Another outlier here, I was born in 1946. The Brahms VC is very close to my heart; my parents bought me the D Oistrakh/Konwitschny mono DGG LP in 1960, my second ever LP. I still think the performance is unsurpassed. I have two Grumiaux recordings, but I'm not sure if one is the one you have (there are two later recordings by Grumiaux: Haitink and Colin Davis) ie conducted by van Beinum. If I have it, I'll listen to it intently! Another favourite of mine of the Brahms Concerto is Szeryng/Monteux. I'd dearly like to have the original SB RCA LP, but they seem to go for around £200... And I really must replay the Oistrakh/Klemperer record.


----------



## flylooper_2885 (8 mo ago)

Inasmuch as All my recorded music is bought because I like it, it's really impossible to say what, of all I have, is "the best." But I'll throw out one because it's wonderful and I'd be lost without it.

It's Gina Bachauer, a Greek pianist whose recording of the Lizst Hungarian Rhapsody #12 is just superlative. She made it 50 years ago. I have a monaural LP recording of her playing that work (Mercury MG50349) and would love to get it in digital form. *If anyone knows of one, please let me know. *She also made a piano transcription of Stravinsky's _Petrouchka_ on the same record which is dynamite.

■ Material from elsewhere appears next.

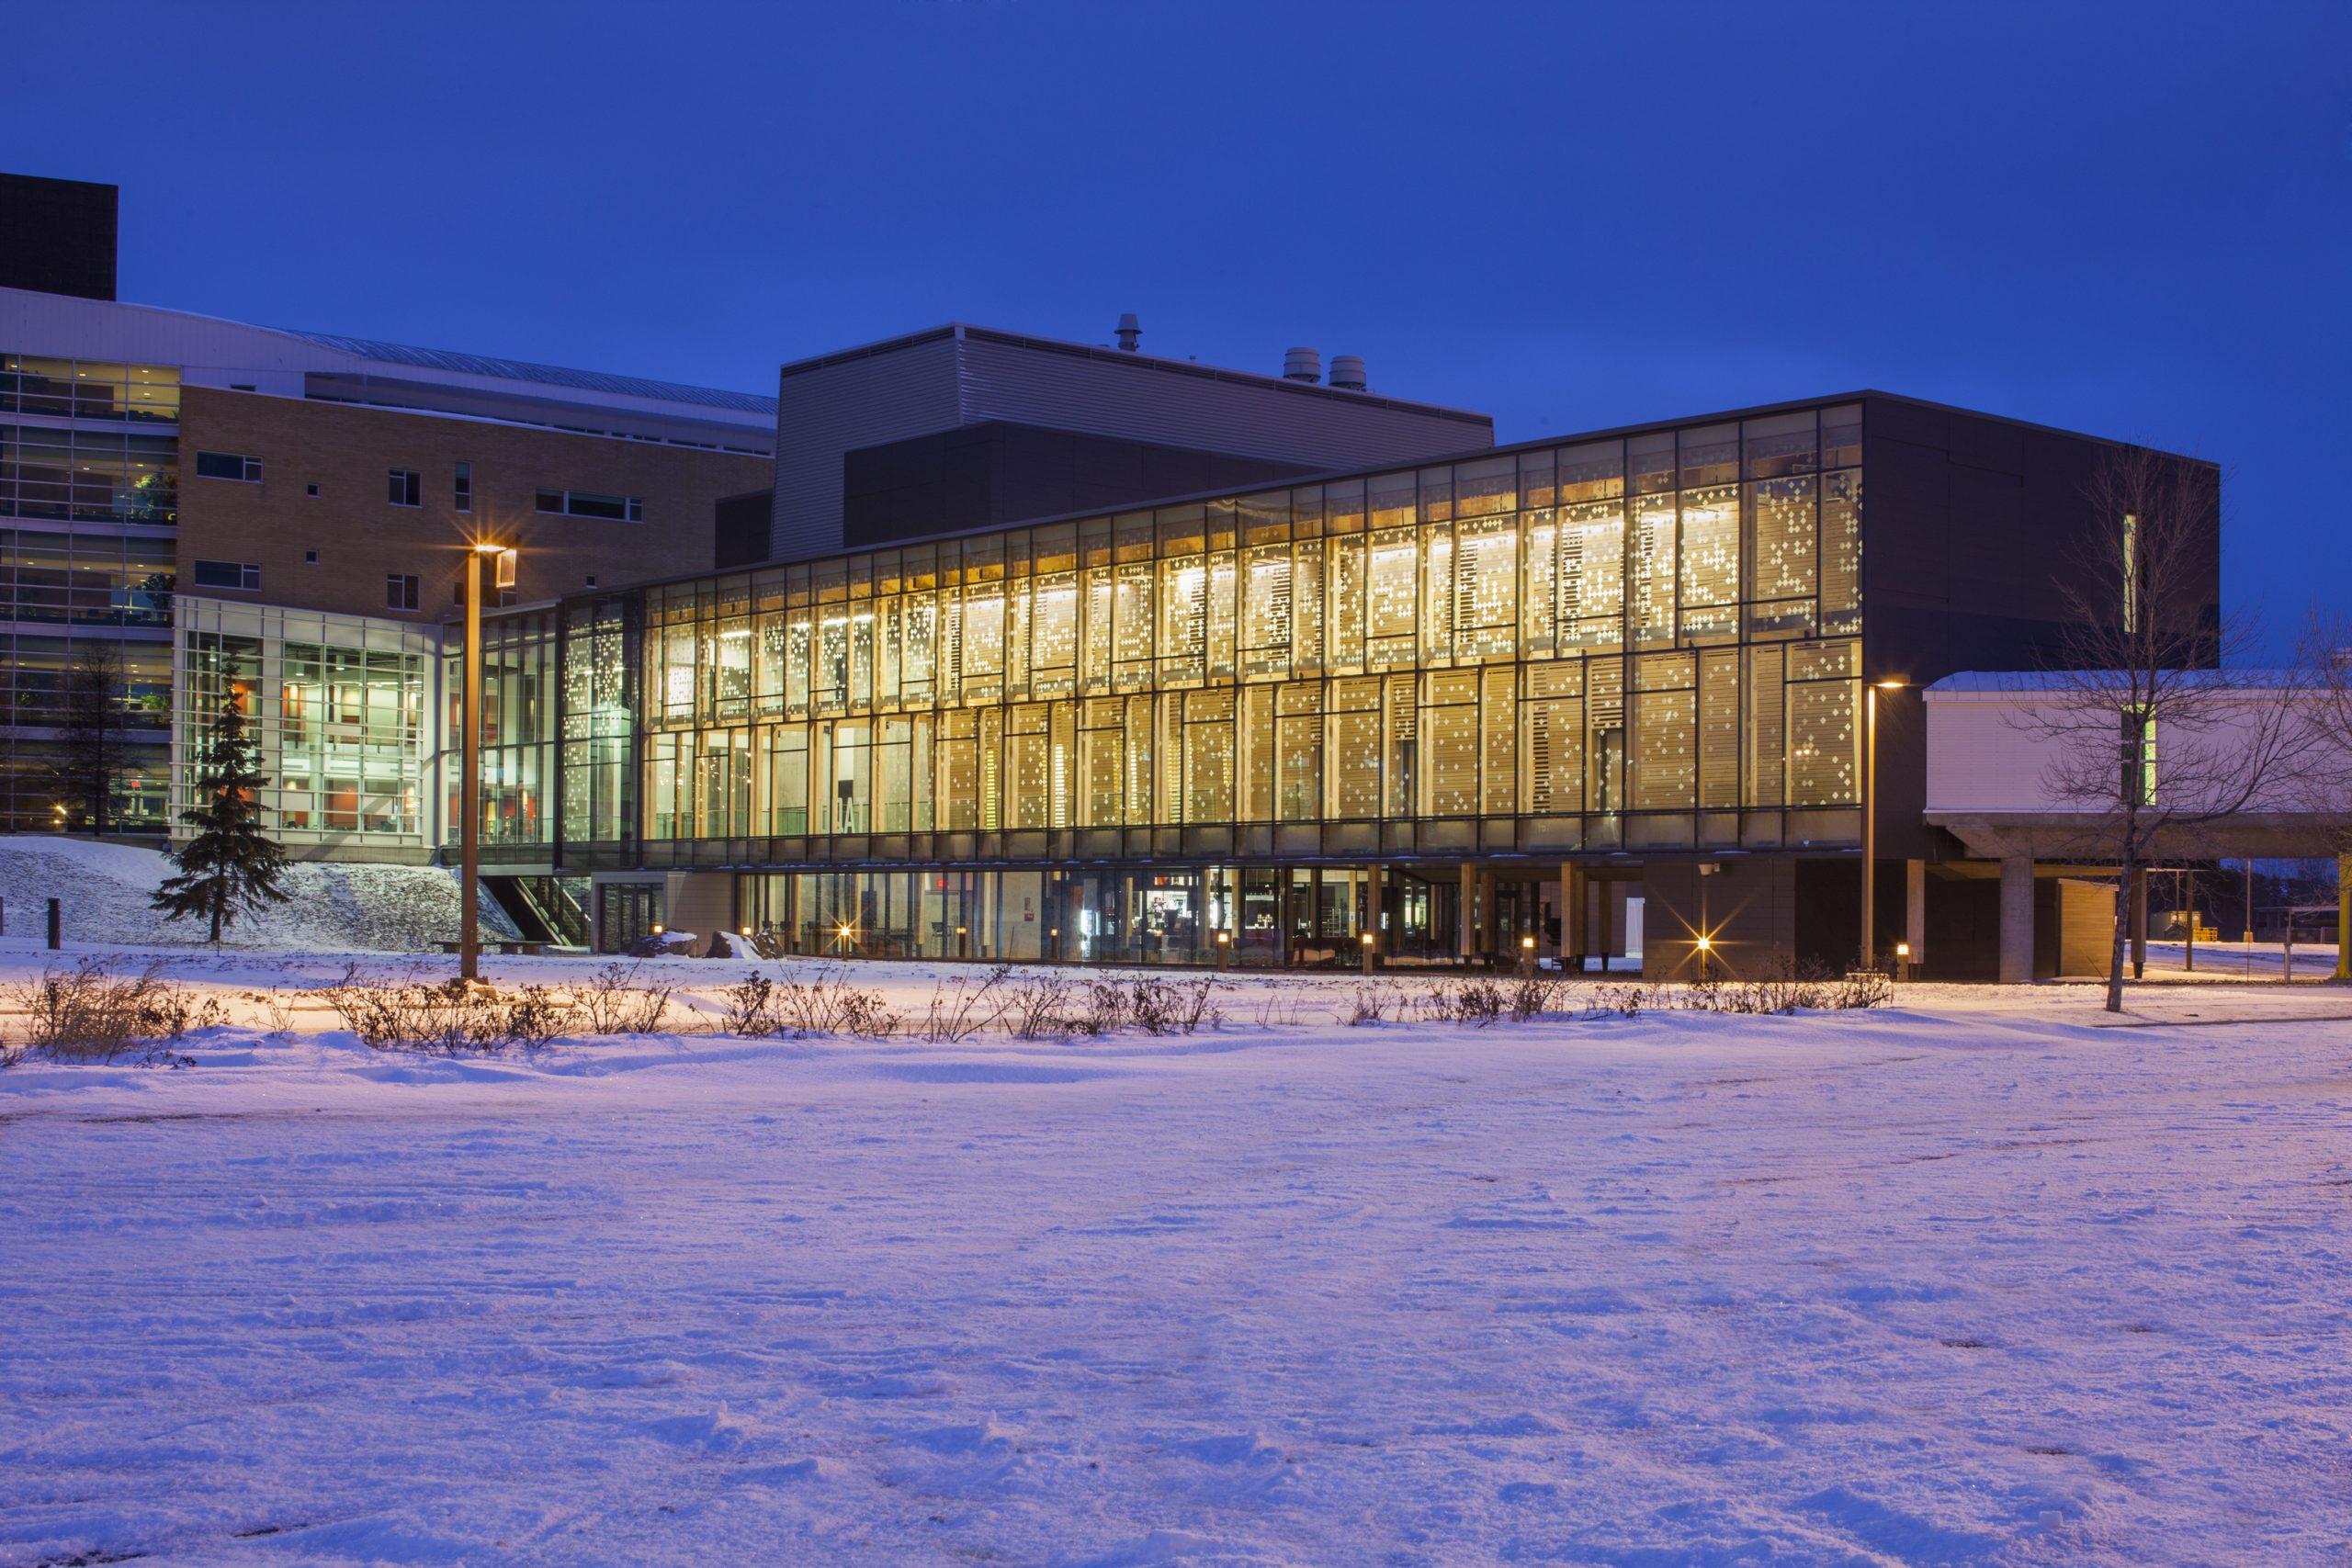 Agrandissement du campus de Rouyn-Noranda de l'UQAT Cecobois 9
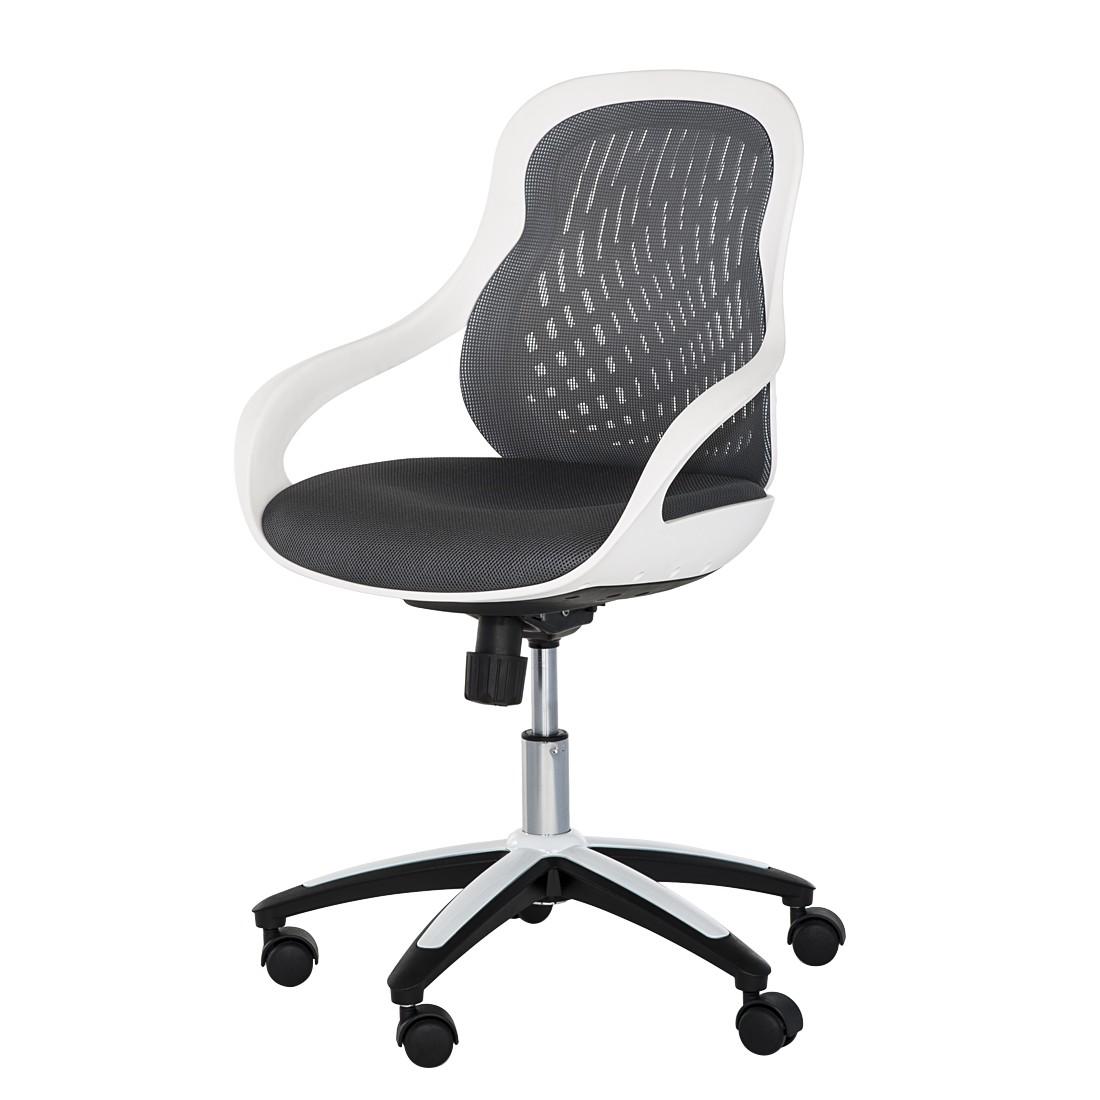 Chaise de bureau baquet sparco - Chaise baquet de bureau ...

Like someone else mentioned I have multiple recordings of Mahler works and each brings something interesting to the work. I think Bernstein is right up there but I find myself listening to Claudio Abbado's (with the Berlin Phil.) recordings alot lately.

Also, Michael Tilson Thomas (and the San Francisco Symphony) doing the "Lieder eines fahrenden Gesellen"; the "Kindertotenlieder" and the "Rückert-Lieder" with Thomas Hampson is just right up there among the top of the heap.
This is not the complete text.